The accounting and finance profession in the United States is facing a pressing talent challenge, characterized by a significant imbalance between a substantial demand for skilled talent across various industries and a limited pool of available talent. IMA®, with the support of Robert Half and other research partners, conducted a nationwide research study, surveying more than 1,200 current and former U.S. accounting and finance professionals to gain insights into the prevailing job turnover dynamics in the profession and proposed effective strategies for talent retention.

The study revealed a disconcerting trend, with an alarming number of professionals intending to leave their current employer or the profession. The study found that job satisfaction, career advancement opportunities, work flexibility, employee engagement, and a sense of belonging were key contributors to their departures.

As CFOs and other accounting and finance leaders consider talent retention as one of their top priorities, continuously reevaluating talent retention strategies in response to emerging challenges caused by rapid advancements in technology, shifts in workforce demographics, and evolving employee expectations is paramount to sustaining organizational growth.

Topline findings of the study include:

  • Survey respondents in the 18-to-38-year-old age cohort, who experienced the highest turnover rates (39%) in the past 24 months, are most likely (26%) to leave their current employer in the next 12 months.

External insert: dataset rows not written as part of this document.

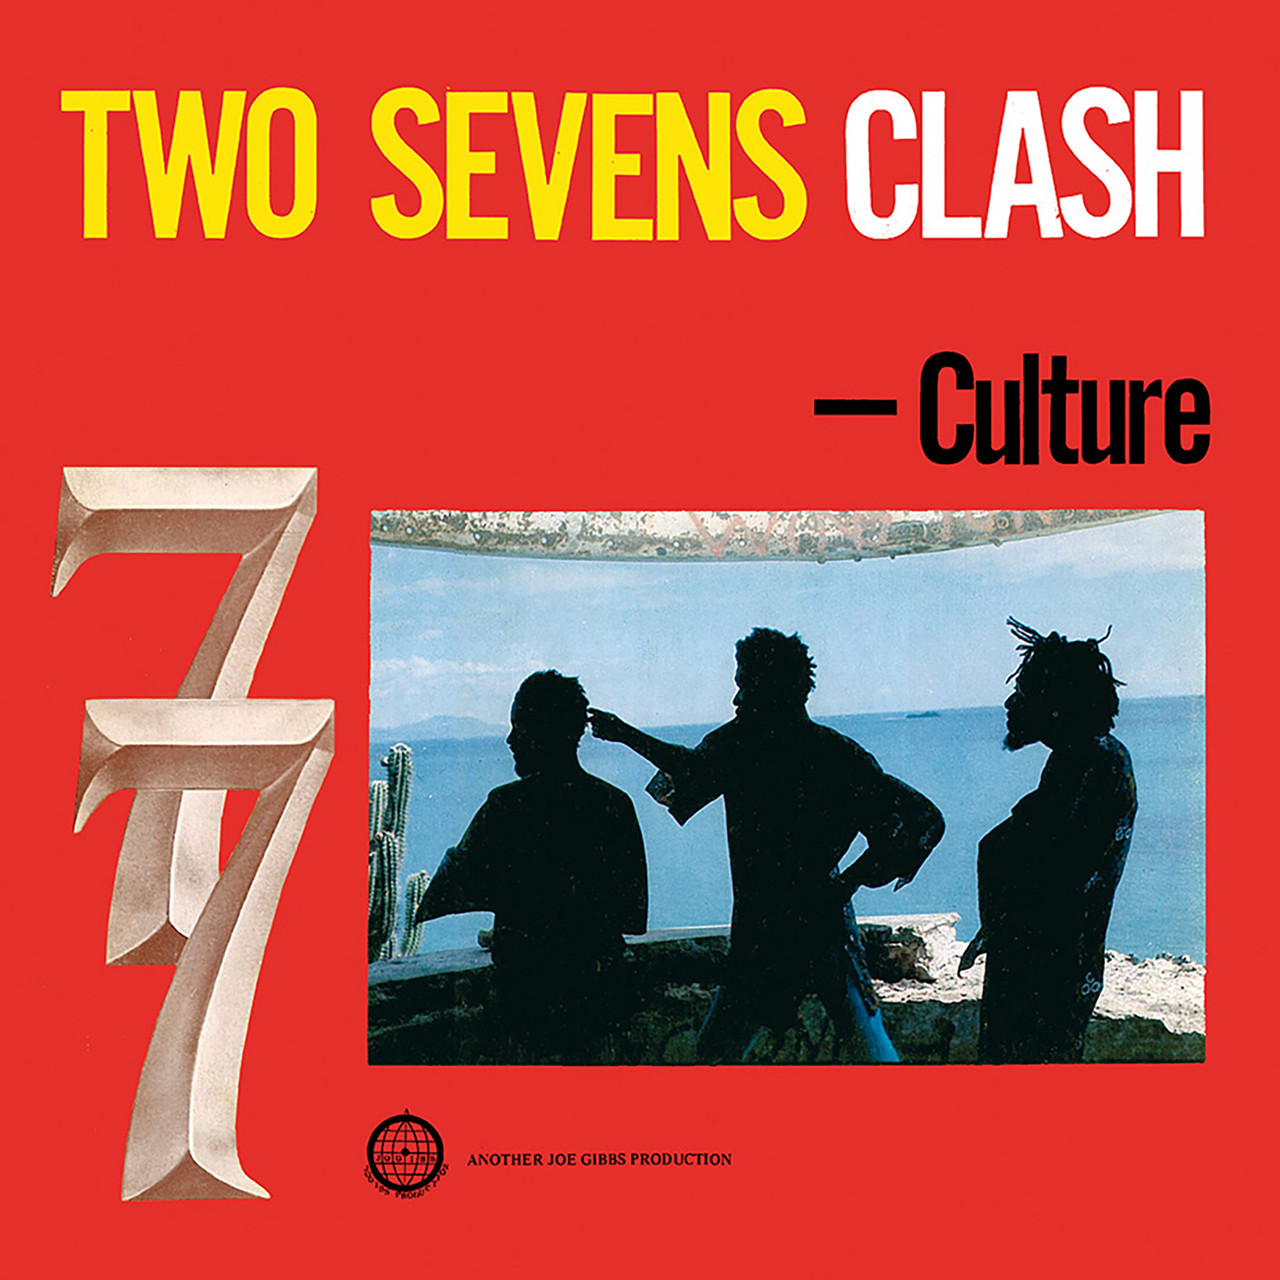 Two Sevens Clash Deluxe - Culture (2CD) - VP Reggae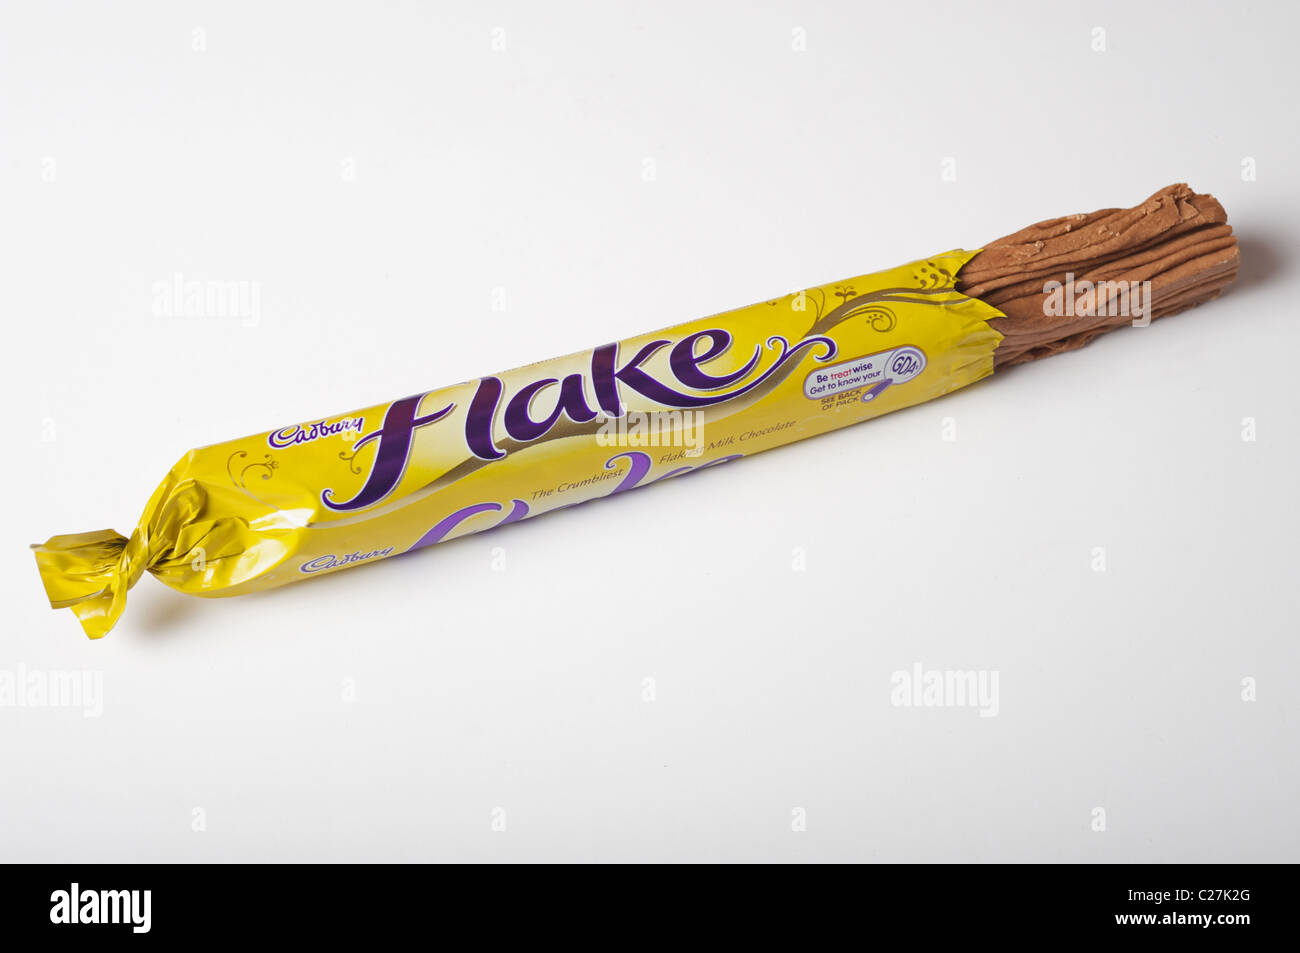 Cadbury Flake Luxury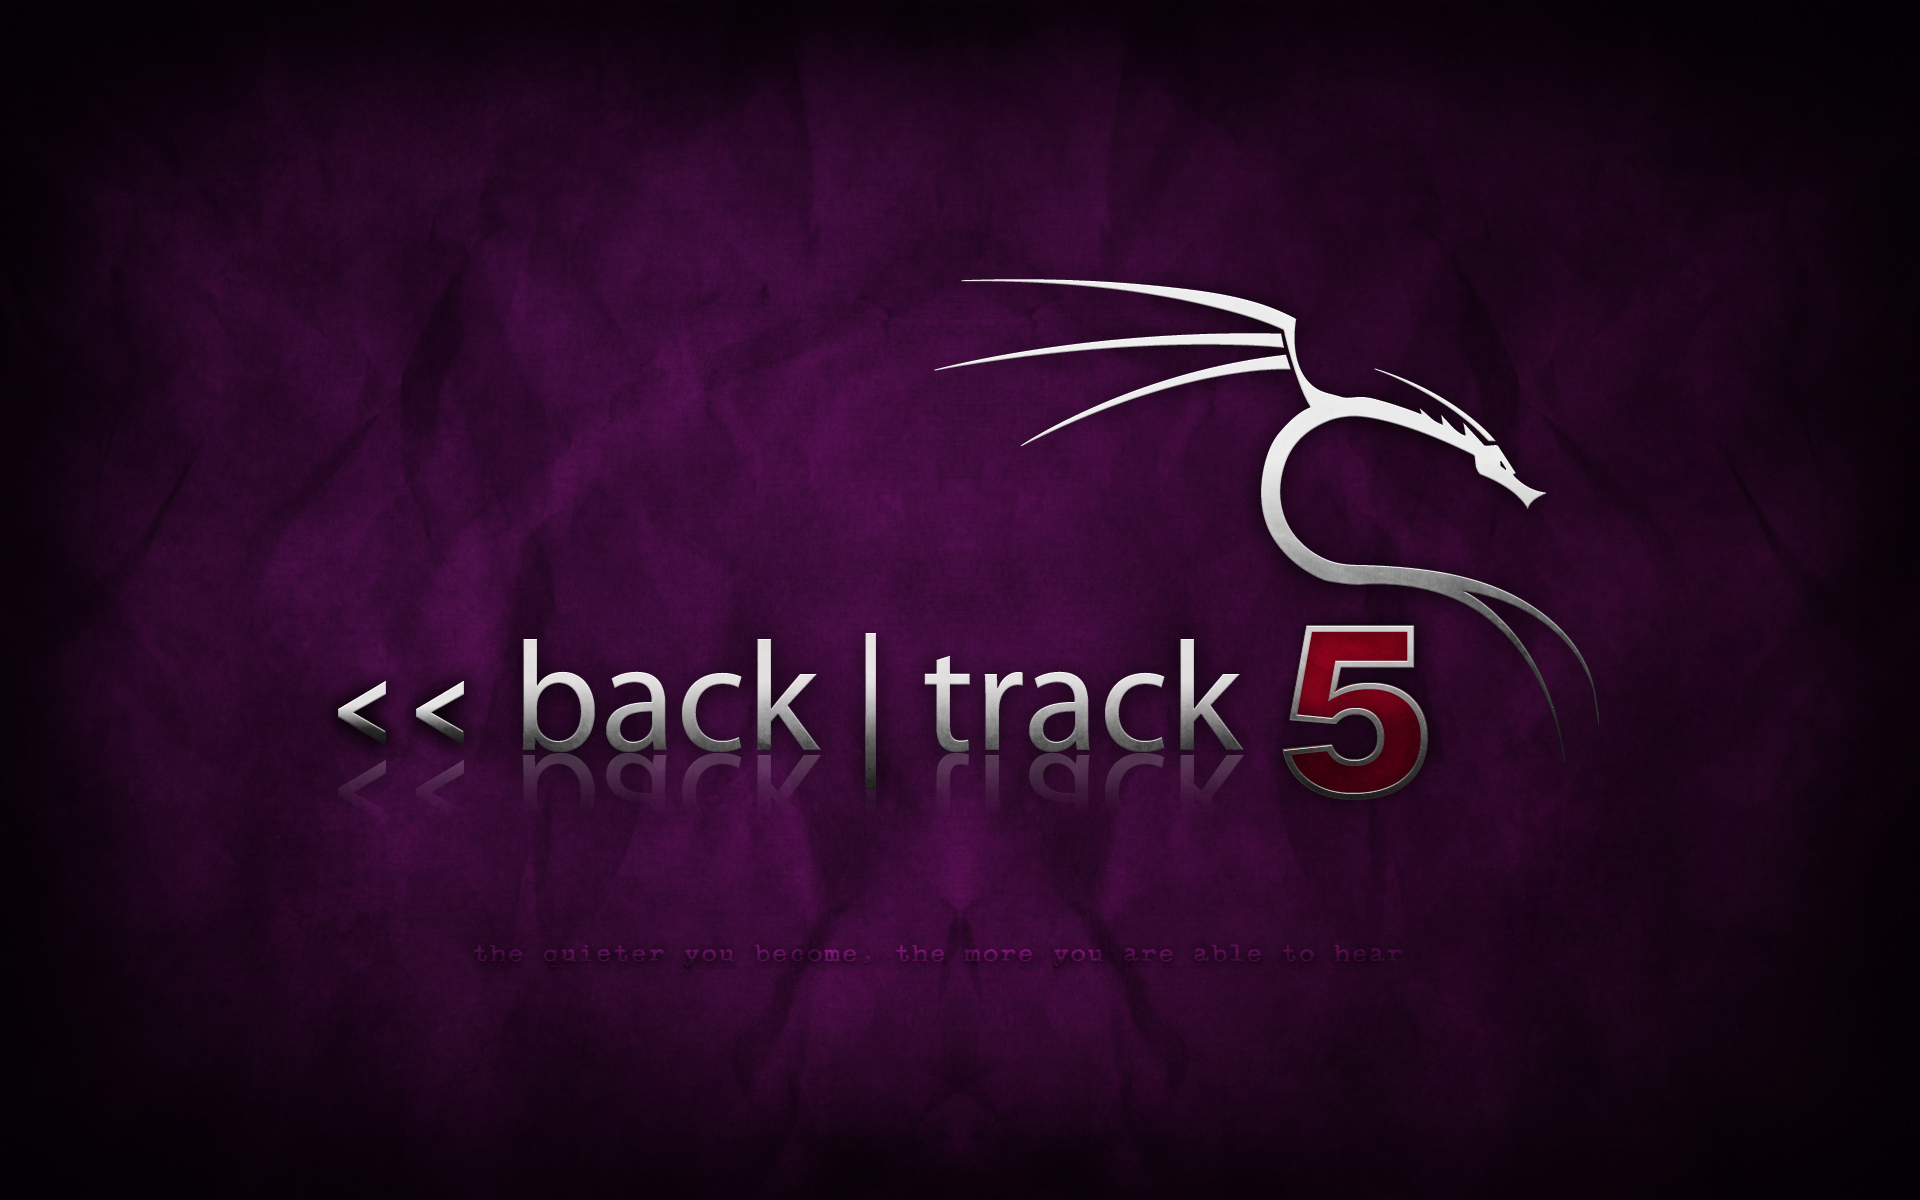 backtrack-5-purple-1.png

Furthermore, as many as 8% of them are considering leaving the accounting and finance profession in the next 12 months.
  • Approximately 30% of those who intended to leave their current employers in the next 12 months expressed dissatisfaction with their work and co-workers. They were also five times more likely than those intending to stay to feel disengaged at work.
  • Career advancement concerns significantly influence respondents’ decision to leave their employer or the profession. Those with the intention to leave were nearly three times more likely to cite that they do not expect to advance in their organization.
  • Professionals intending to leave their employers, or the profession, were four times more likely to highlight the absence of a strong sense of belonging within their organizations.

To effectively retain talent, organizations can implement strategies by:

  1. Providing competitive compensation and benefits,
  2. Fostering a supportive and inclusive workplace culture,
  3. Recognizing outstanding performance,
  4. Providing career growth and development opportunities, and
  5. Promoting a healthy work-life balance.